Science paywalls as tragedy

May 13, 2014

“In the public interest” is an article that was published in C&RL News back in July/August 2005. It’s Sharon Terry’s first-person account of being the parent of children with a pseudoxanthoma elasticum (PXE), a genetic disease. It recounts her and her husband’s attempts to find out about PXE, and eventually to contribute to the research on it.

Here are the lengths they were driven to early in the process:

We spent hours copying articles from bound journals. But fees gate the research libraries of private medical schools. These fees became too costly for us to manage, and we needed to gain access to the material without paying for entry into the library each time.

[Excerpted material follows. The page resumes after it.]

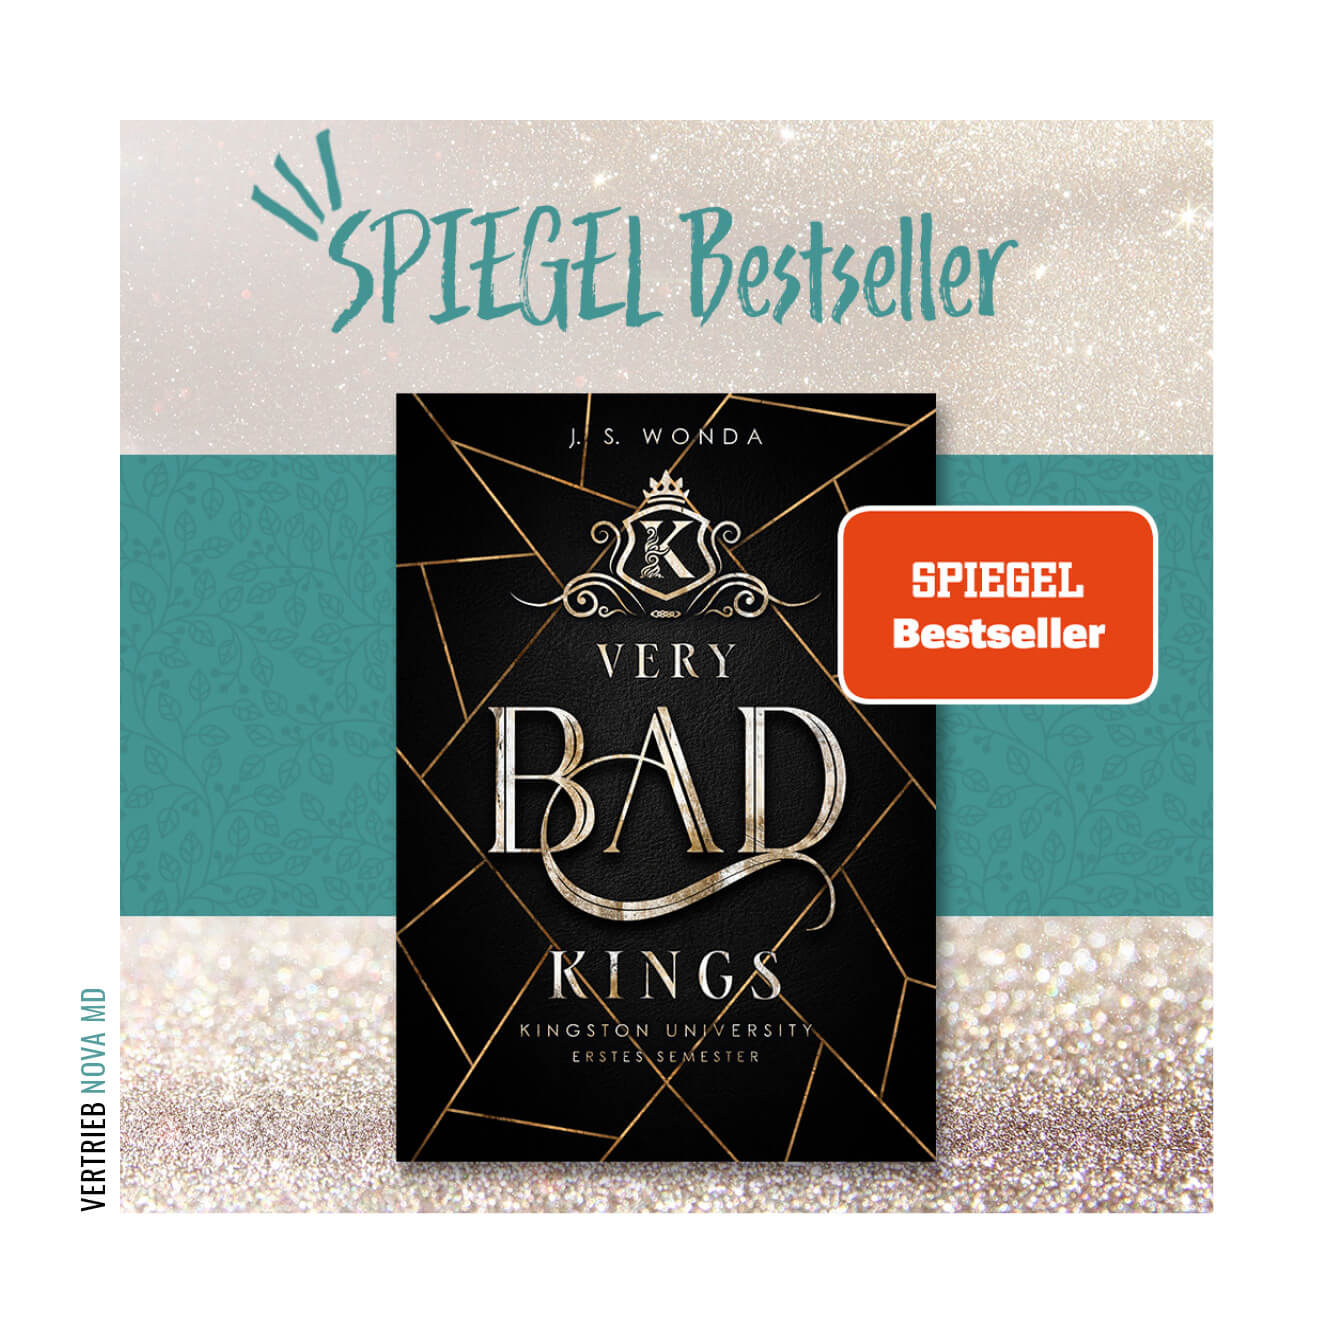 Buch "Very Bad Kings" von J.S. Wonda hat Spiegel Bestseller erreicht

We learned that by volunteering at a hospital associated with a research library, we could enter the library for free. After several months of this, policies changed and we resorted to masking our outdated volunteer badge and following a legitimate student (who would distract the guard) into the library. When that became too risky we knew we would have to find a way to ac­cess information in a more cost ­effective and reasonable manner.

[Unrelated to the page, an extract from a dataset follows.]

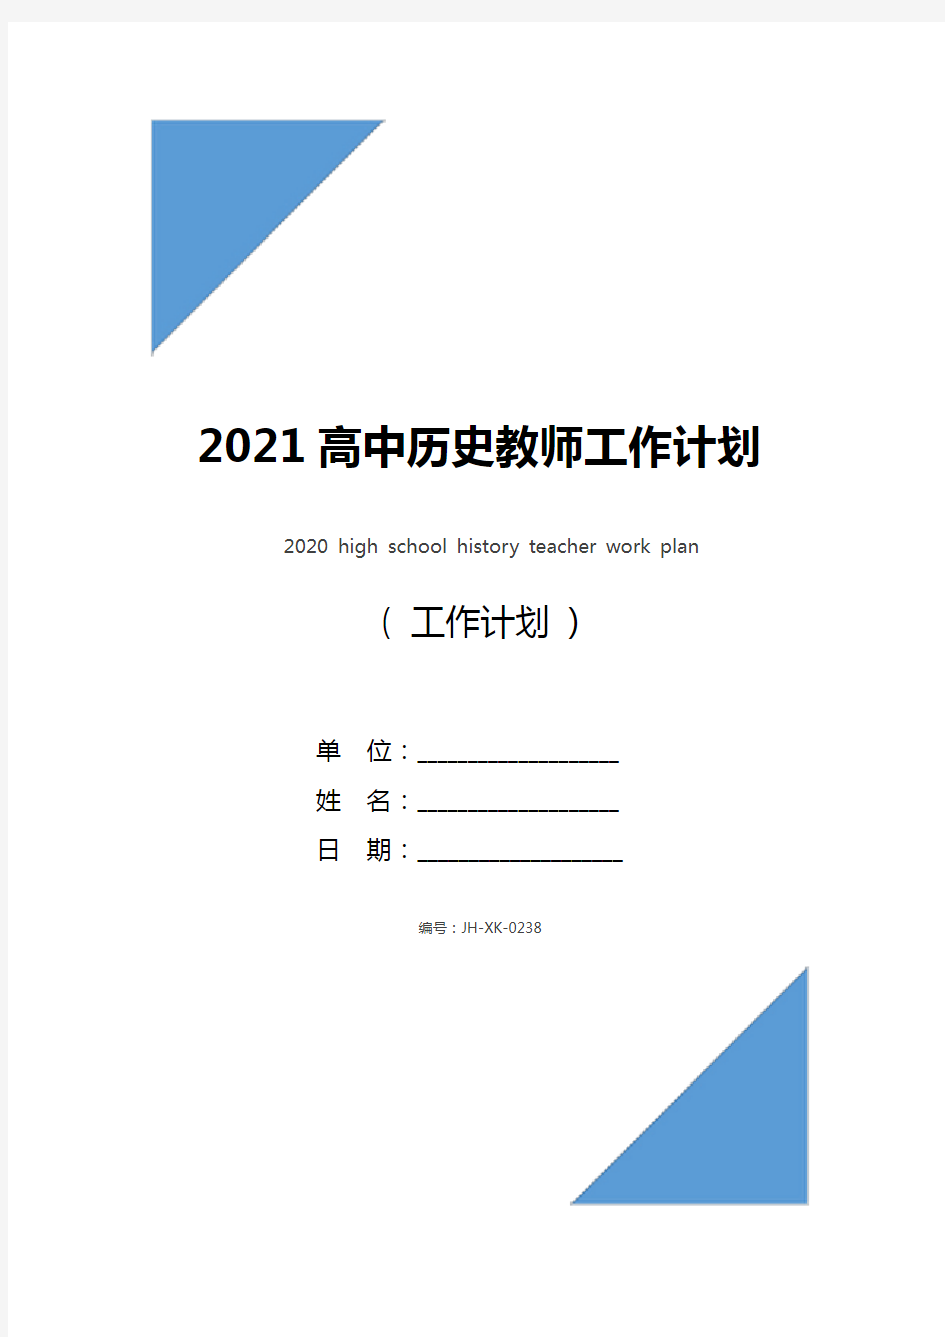 2021高中历史教师工作计划(标准版)

Did the arrival of PubMed change everything?

Today, ten years after our children’s diagnosis, I can use a wonderful, freely ac­cessible tool created by the National Library of Medicine (NLM), called PubMed. I can call up bibliographic information on the hundreds of papers relative to PXE in a few seconds. Further, I can narrow the field to just a dozen papers on which I have been an author. Then, as I click on each article, I am not able to access any of them.

And so things continue much as before:

I am still forced to do end­-runs around the system. I travel to libraries and photocopy. I hire students in large medical schools to go to the stacks and copy articles for me, I “borrow” the journal login information from colleagues.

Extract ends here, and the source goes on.